= The Sorcerer's House =

2010 fantasy novel by Gene Wolfe

The Sorcerer's House is a 2010 epistolary fantasy novel by Gene Wolfe. It was published by Tor Books.

==Synopsis==
When ex-convict Baxter Dunn squats in an abandoned house in the town of Medicine Man, he discovers numerous strange and supernatural phenomena – not least of which is that he has been retroactively declared the house's legal owner.

==Reception==
Publishers Weekly called House "a complex, spellbinding web", and "a book of wonders" that "speaks eloquently about the nature of responsibility and family", but faulted the "rushed, incoherent ending", and the extent to which many characters were stereotypes; similarly, at io9, Charlie Jane Anders emphasized that the novel was "really splendid", with "more than enough cleverness and fun", but described House as "pretty much lightweight fluff" when compared to other works by Wolfe, and stated that it "runs out of narrative steam towards the end", while Fantasy Magazine specified that although it was an "excellent novel" which was "quite absorbing", it was also "by Wolfe's standards, fairly simple", and "not great Wolfe, but good Wolfe".

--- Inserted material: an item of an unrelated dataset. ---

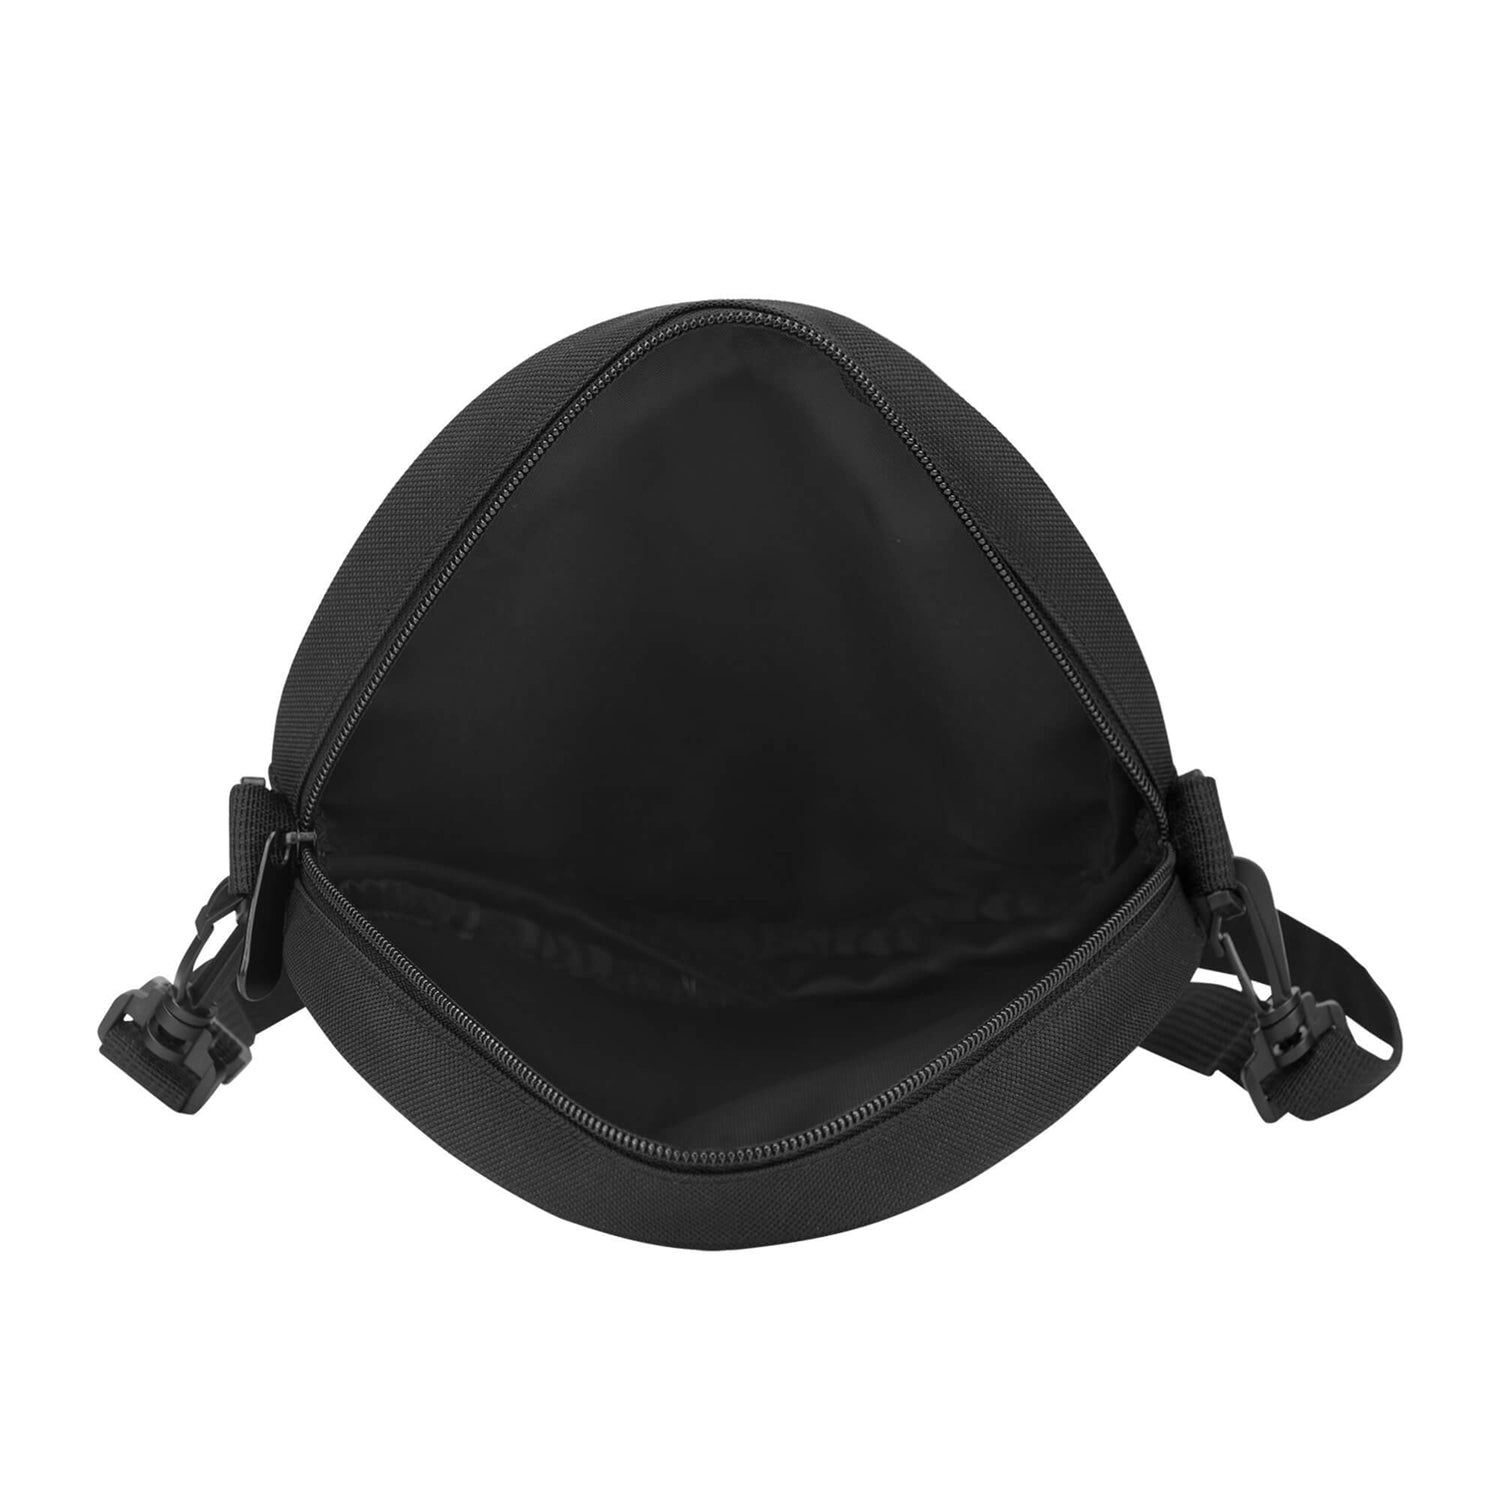 sutherland-weathered-tartan-round-satchel-bags

Pop Matters commended Wolfe for the novel's accessibility and readability, deeming it an excellent introduction to Wolfe's writing, and noted that since House is set in the present day, no lexicon is required (unlike with many of Wolfe's other novels). Locuss Paul Witcover, however, concluded that House would be a disappointment even for Wolfe aficionados, as it has "all of Wolfe's [stylistic] tics (...) on full display", and that despite having a "tangled and complicated" plot with "cunning complexity and (an) intricately woven web of circumstance and identity", the novel is "essentially sterile".